Thursday, January 11, 2018
The Delaware Court of Chancery denied a motion seeking disclosure of privileged materials
It bears repeating what this Court has stated before: that Delaware Rule of Evidence 502(b)—codifying the attorney-client privilege—stands in contrast to the bulk of the Rules of Evidence. The latter are largely designed to promote the search for truth with respect to the matter litigated. Rule 502, by contrast, protects attorney client privilege in a way that is, in a narrow sense, inimical to that goal. In a broader sense, of course, the rule promotes justice by allowing free communication between client and counsel, a right which the Rules (and common sense) hold superior, in most instances, to the incremental advantage in the search for truth to be gained from invading the privilege.
Here, the Plaintiffs move for an order to compel production despite the privilege. There are situations where the search for truth or other meritorious interests are so compromised by maintenance of the attorney-client privilege that justice requires that the privilege yield. Strait is the gate and narrow the road to an order vitiating the privilege, however. The Plaintiffs rely on the so-called Garner and crime-fraud exceptions to the application of the privilege; for the reasons below, I deny the Motion to Compel to the extent that it relies on those exceptions.
The litigation alleges breach of fiduciary duties
I issued a Memorandum Opinion holding that the Complaint stated a claim against the Polk family for breach of fiduciary duties, but that it failed to do so as to the non-Polk family directors or Polk’s law firm and financial advisor. Before me now is the Plaintiffs’ Motion to Compel, which seeks production of documents that the Defendants have withheld on the basis of attorney client privilege and the work-product doctrine. The Plaintiffs argue that several of the entries on the privilege logs produced by the Defendants are deficient, and that in any event, all of the documents withheld as privileged should be produced under the Garner and crime-fraud exceptions...
The Garner exception is a judicially created doctrine founded on the recognition that “where the corporation is in suit against its stockholders on charges of acting inimically to stockholder interests, protection of those interests as well as those of the corporation and of the public require that the availability of the privilege be subject to the right of the stockholders to show ‘good cause’ why the privilege should not apply.” A corporation invokes the attorney-client privilege through its officers and directors; those individuals owe a duty to the stockholders to exercise the privilege in the best interests of the corporation.

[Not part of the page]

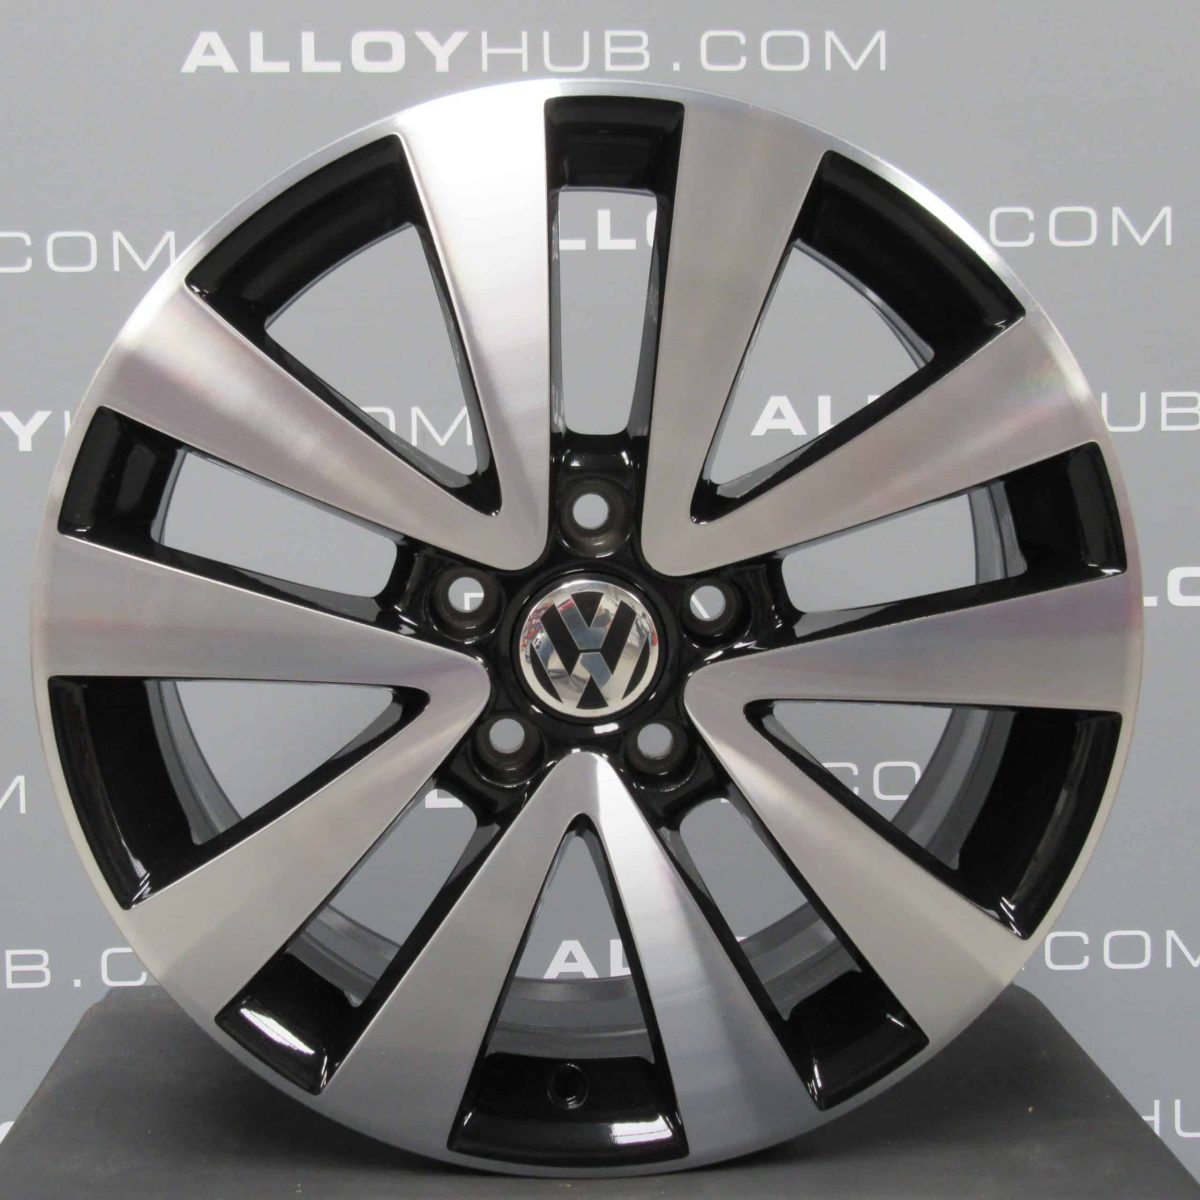 Genuine Volkswagen VW Golf MK6 Seattle Shadow Spoke 17" inch Alloy Wheels with Gloss Black & Diamond Turned Finish 5K0 601 025 R
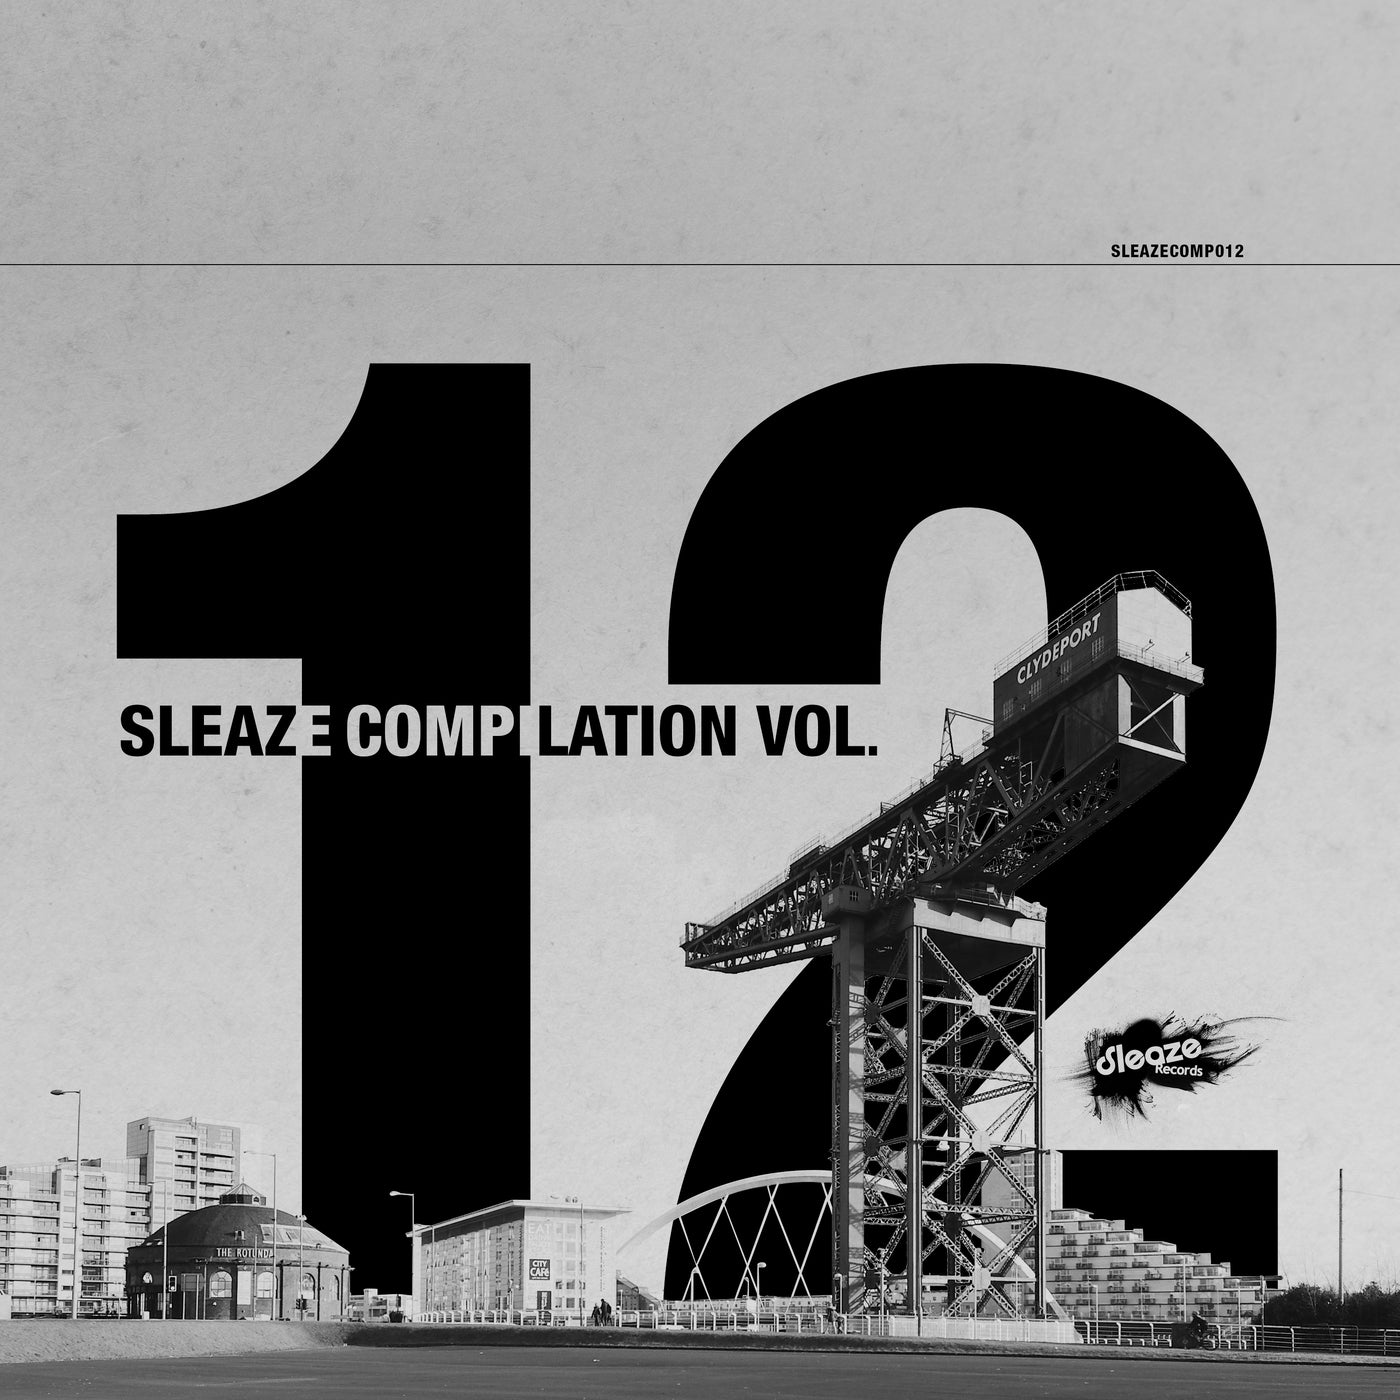 VA – Sleaze Compilation, Vol. 12 [SLEAZECOMP012]

Movants failed to meet the Garner test.
The Defendants argue that the crime-fraud exception is inapplicable here because the Plaintiffs have disclaimed any intention of bringing a fraud claim. As the Defendants point out, at the motion-to-dismiss stage, the Plaintiffs styled their claim as one for breach of fiduciary duties stemming from, among other things, the failure to disclose several material facts in connection with the 2011 self-tender, and specifically disclaimed accusations of fraud. I note that the rationale underlying the crime-fraud exception—that the administration of justice is undermined when individuals seek legal advice to assist them in breaking the law —appears to apply with equal force to a client who hires an attorney to help him commit an intentional breach of fiduciary duty premised on deceiving stockholders about a significant transaction. Nonetheless, I need not decide whether the crime-fraud exception covers communications designed to further fraud-like intentional breaches of fiduciary duty, because assuming that it does, the Plaintiffs have failed to show that it applies here.
The Plaintiffs’ invocation of the crime-fraud exception suffers from a fatal flaw: the absence of any evidence that the Defendants sought the advice of their attorneys for the purpose of accomplishing their allegedly fraudulent scheme. The Plaintiffs aver that the 2011 self-tender was fraudulently induced via a failure to disclose several material facts, including that the Polk family was considering selling the company. And, as the privilege logs reveal, the Defendants consulted with attorneys about various restructuring options, including the self-tender. But there is no indication that the Defendants intended to use these consultations to further the purportedly fraudulent scheme, or that the advice received during these consultations helped them perpetrate the scheme. The Plaintiffs have shown only that, during the alleged fraud, the Defendants spoke with counsel about matters related to the transaction in connection with which they allegedly provided inadequate disclosures; the 2011 self-tender. That is not enough, to my mind, to invoke the crime-fraud exception.